By using the “apply” function from R:

Apply <- function(big.matrix, N) {
  stopifnot(exists("big.matrix"))
  stopifnot(exists("N"))
  Time <- microbenchmark({
    colsums <- apply(big.matrix, 2, sum)
  }, times = N)$time
  return(Time)  
}

By using matricidal multiplication:

matrixSum <- function(big.matrix, N) {
  stopifnot(exists("big.matrix"))
  stopifnot(exists("N"))
  Time <- microbenchmark({
    ones <- rep(1, dim(big.matrix)[1])
    colsums <- ones %*% big.matrix
  }, times = N)$time
  return(Time)  
}

The single loop function:

SingleLoop <- function(big.matrix, N) {
  stopifnot(exists("big.matrix"))
  stopifnot(exists("N"))
  colsums <- rep(NA, dim(big.matrix)[2])
  Time <- microbenchmark({
    for (i in 1:dim(big.matrix)[2]){
      colsums[i] <- sum(big.matrix[,i])
    }
  }, times = N)$time
  return(Time)
}

The double loop function:

DoubleLoop <- function(big.matrix, N) {
  stopifnot(exists("big.matrix"))
  stopifnot(exists("N"))
  Time <- microbenchmark({
  colsums <- rep(NA, dim(big.matrix)[2])    
      for (i in 1:dim(big.matrix)[2]){
        s <- 0
        for (j in 1:dim(big.matrix)[1]){
          s <- s + big.matrix[j, i]
        }
        colsums[i] <- s
      }
    }, times = N)$time
  return(Time)
} 

First experiment

The codes we have built previously are used to sum the columns of a matrix. Now, we are wondering in which function we spent more time on process. For this we are going to create a random process to evaluate the performance of each function.

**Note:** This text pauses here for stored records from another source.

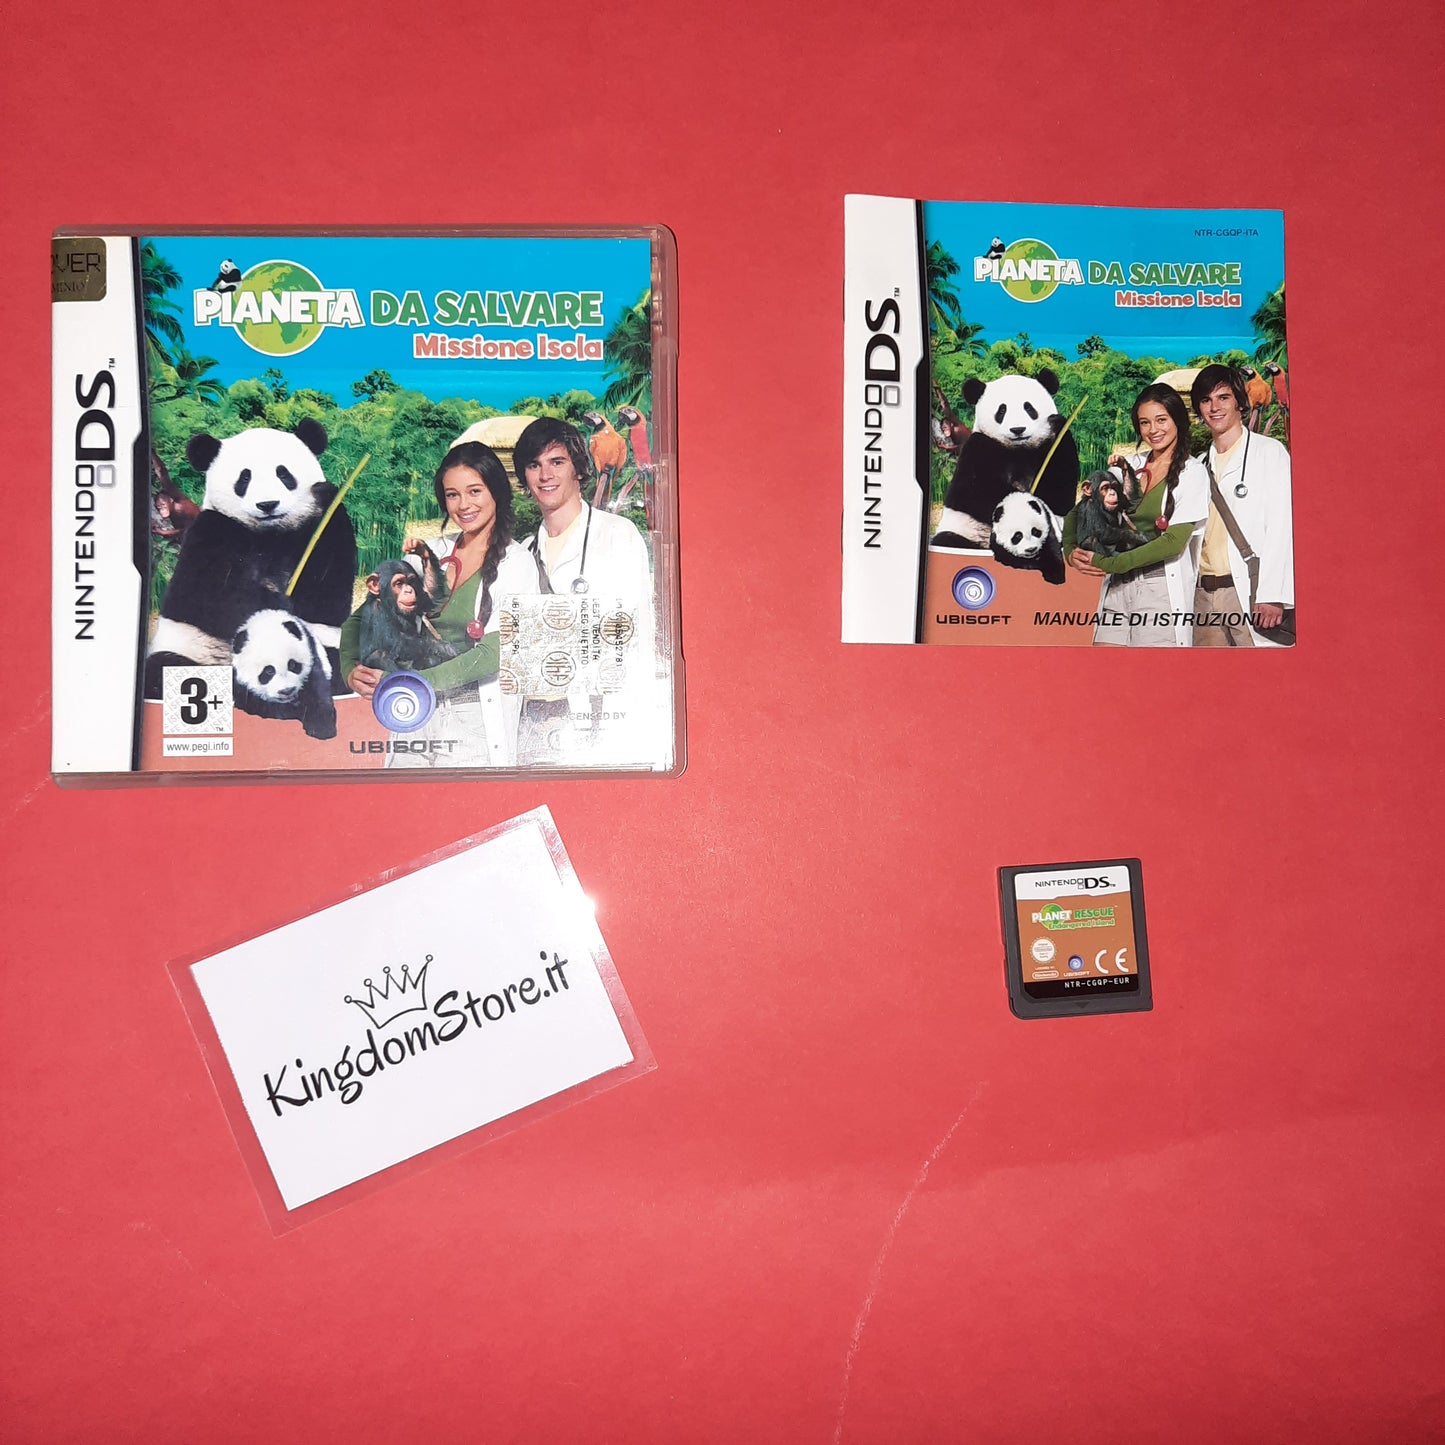 Planet to Save Island Mission - Nintendo DS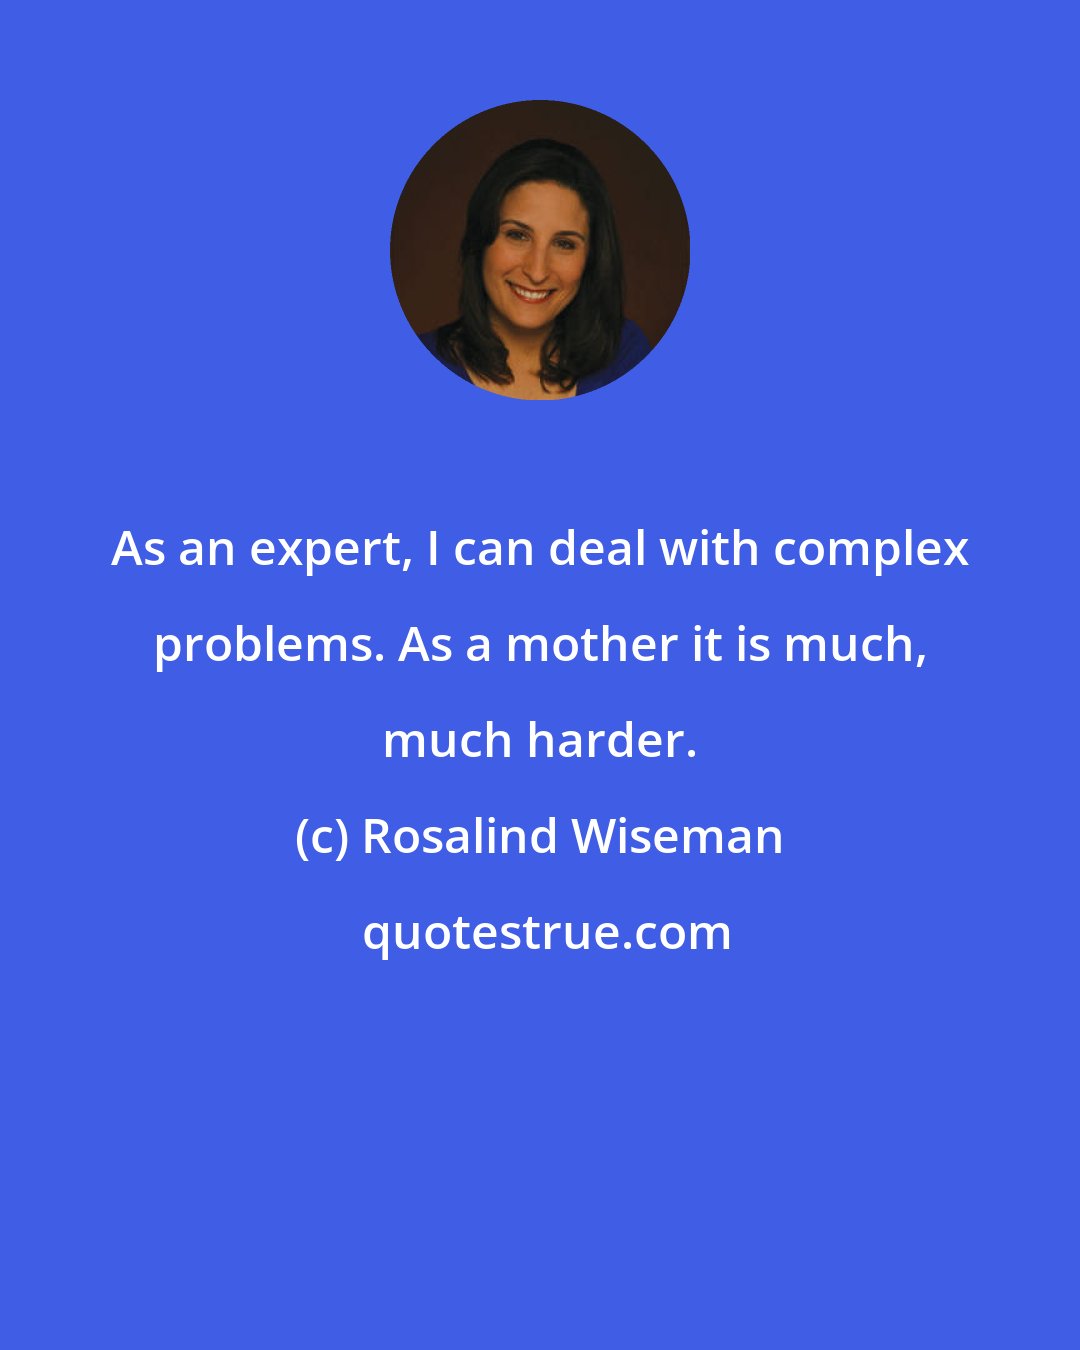 Rosalind Wiseman: As an expert, I can deal with complex problems. As a mother it is much, much harder.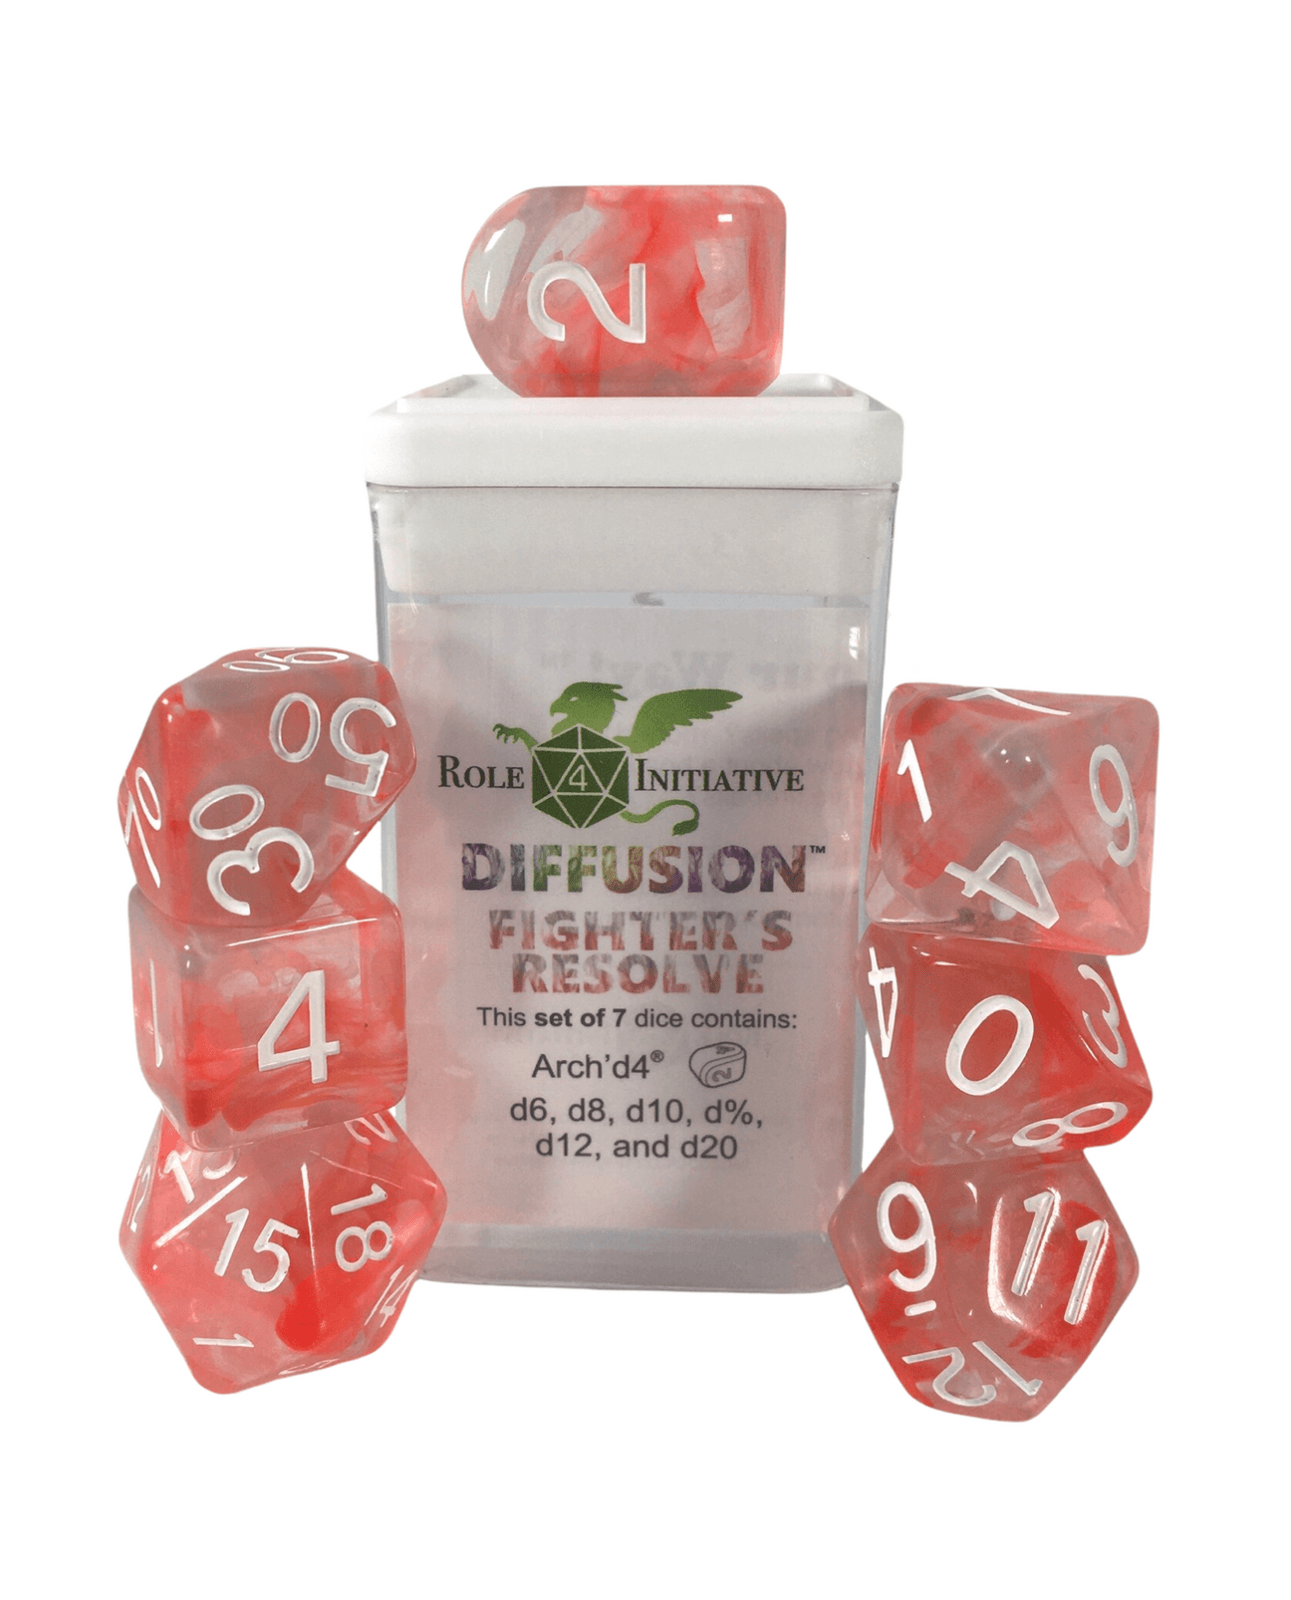 Diffusion Fighter’s Resolve - 7 dice set (with Arch’d4™) - The Fourth Place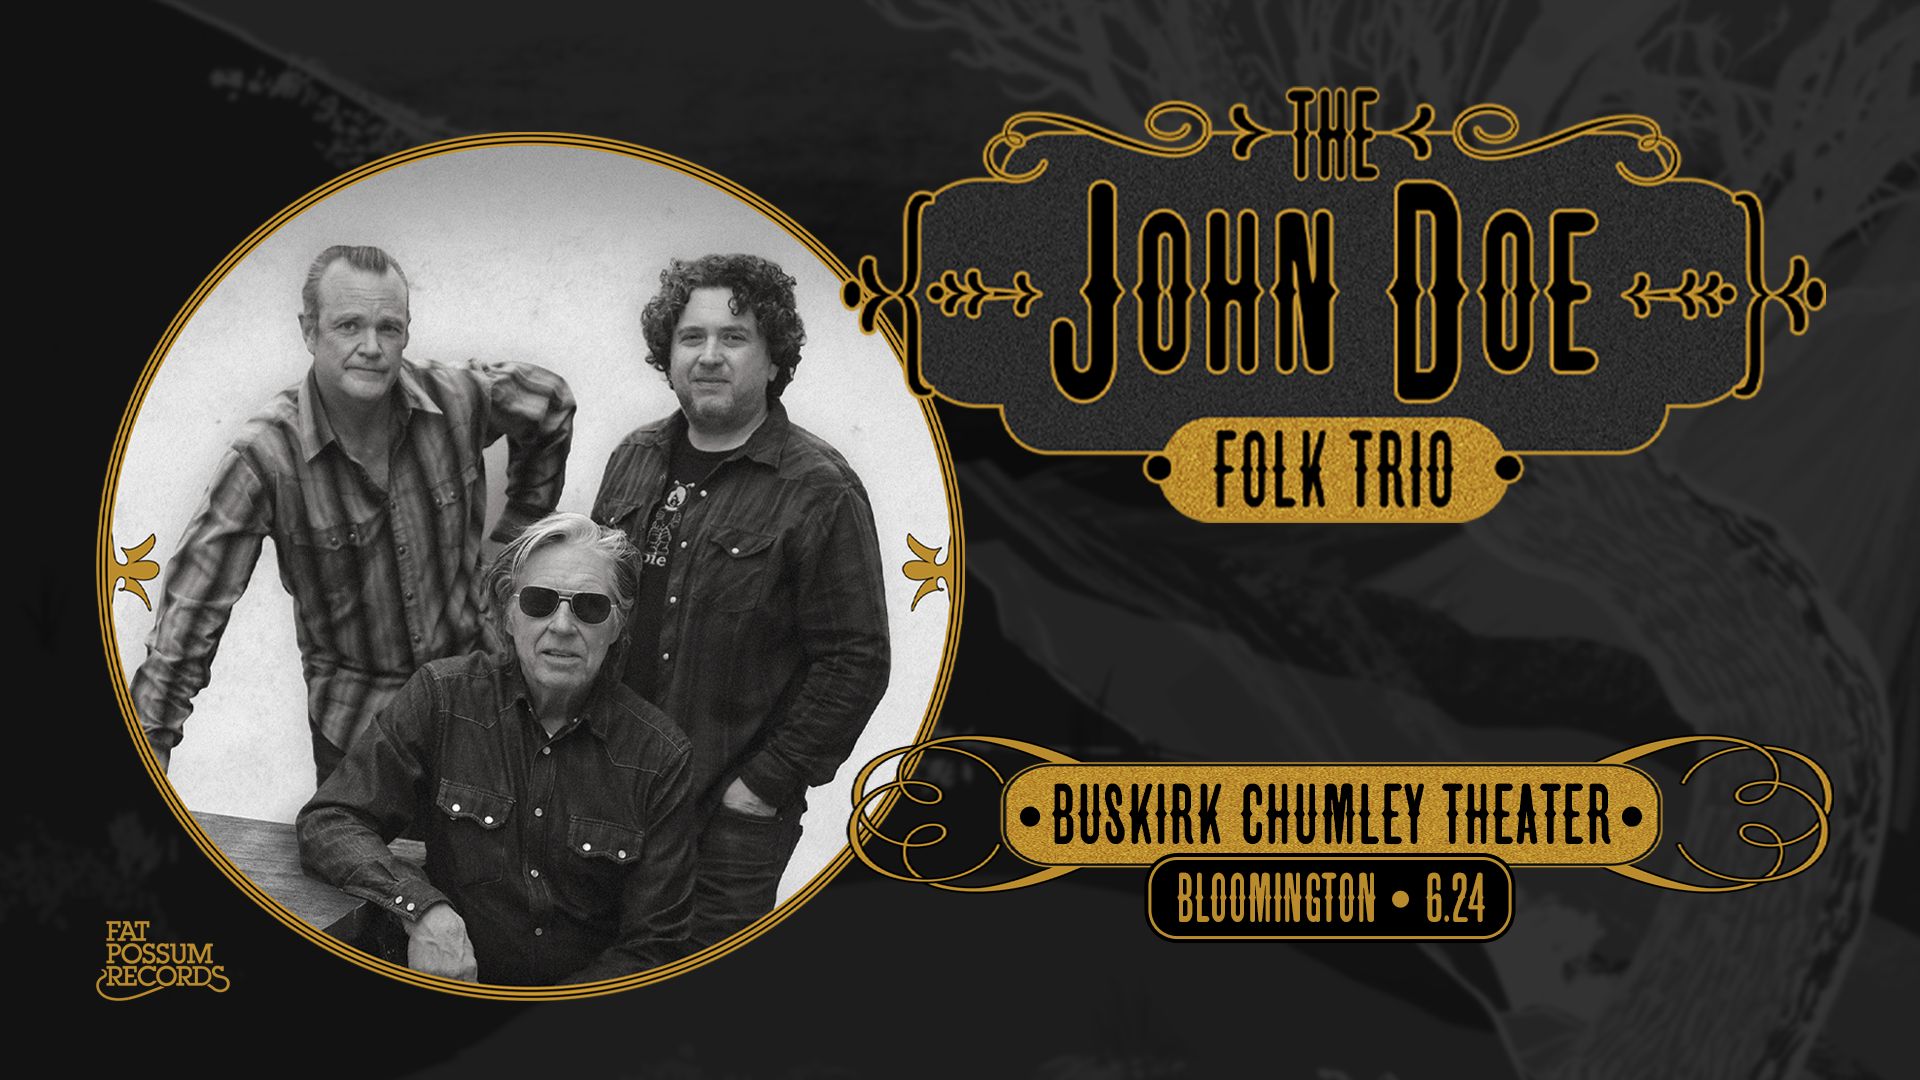 "X" frontman John Doe and his folk trio are coming to Bloomington, IN on June 24, Bloomington, Indiana, United States

Trials = 15 # Number of experiments
Experiments <- as.data.frame(matrix(NA, nrow= Trials, ncol=5)) # Initializing an empty dataframe
colnames(Experiments)<-c("CppSum", "SingleLoop", "Apply", "ColSum", "MatrixSum")  # Changing the name of the columns

for (n in 1:Trials) {                                       
  big.matrix <- matrix(runif(1e+6), nrow = 1000)
  Experiments[n,] = c(cppSum(big.matrix, N = 1),    # FILLING THE EMPTY DATAFRAME
                      SingleLoop(big.matrix, N = 1), 
                      Apply(big.matrix, N = 1), 
                      ColSum(big.matrix, N = 1), 
                      matrixSum(big.matrix, N = 1))
}

It follows the experiments table below, which one has the time spent for processing time in each function built in 15 trials:

CppSum SingleLoop Apply ColSum MatrixSum
11857844 13553991 14060222 1909235 2087521
14339624 11960463 10770208 1804205 1743486
4030401 8320680 12187318 1838304 1242288
3999986 6605255 12878942 1663743 1485341
5558623 7051670 13773656 1695383 1892197
5481298 19691736 15555191 1705745 3211198
4666651 9135062 11582805 1884365 1608423
4117916 6783961 10277630 1645628 5595849
3784278 6832791 10698034 1736938 7849448
4026158 7018728 12260245 1696375 1519902
4559054 6774388 12343171 1725949 1759426
3894739 7740347 13834733 1752531 1967901
3882907 6804470 10815676 1848055 1511235
4158680 7281457 18262559 2498912 57192659
4055408 8646319 31066072 1699679 1707201

Now, there is the box plot between the variables time spent and the method used to manipulate the operations on the matrix, where we can easily see that the code spent most time running the Apply function. The SigleLoop function also has a big percent of our processing time.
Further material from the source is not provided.